It places unknown/new software in a sandbox. You want an AV that tests all pre-existing packages in a sandbox.
did we find out who was that guy and why was he doing that?
Probably a state actor
It was Spez trying to collect more user data to make Reddit profitable
The CIA will know, we will most likely not.
We probably never will.
If we ever do, it’ll be 40 or 50 years from now.
Thank you open source for the transparency.
And thank you Microsoft.
Shocking, but true.
They just pay some dude that is doing good work
If this was done by multiple people, I’m sure the person that designed this delivery mechanism is really annoyed with the person that made the sloppy payload, since that made it all get detected right away.
I like to imagine this was thought up by some ambitious product manager who enthusiastically pitched this idea during their first week on the job.
Then they carefully and meticulously implemented their plan over 3 years, always promising the executives it would be a huge pay off. Then the product manager saw the writing on the wall that this project was gonna fail. Then they bailed while they could and got a better position at a different company.
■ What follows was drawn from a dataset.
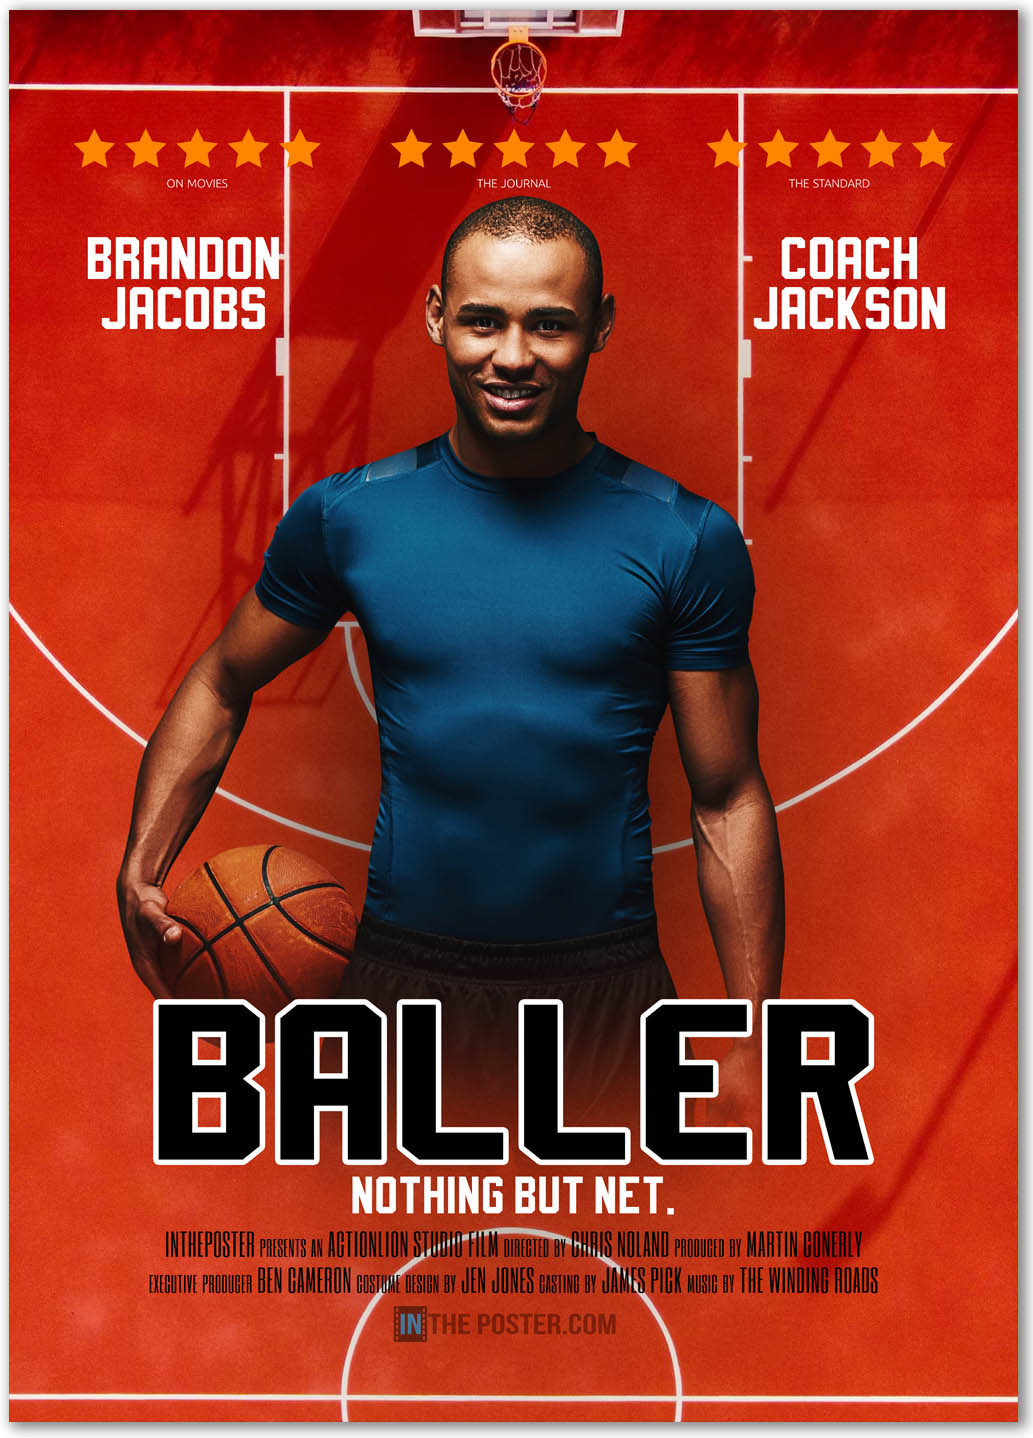 Basketball Movie Poster with smiling man holding basketball in blue shirt

The new product manager overseeing this project didn’t care about it at all. New PM said fuck it and shipped the exploit before it was ready so the team could focus their work on a new project that would make new PM look good.
The new project will be ready in just 6-12 months, and it is totally going to disrupt the industry!
I see a dark room of shady, hoody-wearing, code-projected-on-their-faces, typing-on-two-keyboards-at-once 90’s movie style hackers. The tables are littered with empty energy drink cans and empty pill bottles.
A man walks in. Smoking a thin cigarette, covered in tattoos and dressed in the flashiest interpretation of “Yakuza Gangster” imaginable, he grunts with disgust and mutters something in Japanese as he throws the cigarette to the floor, grinding it into the carpet with his thousand dollar shoes.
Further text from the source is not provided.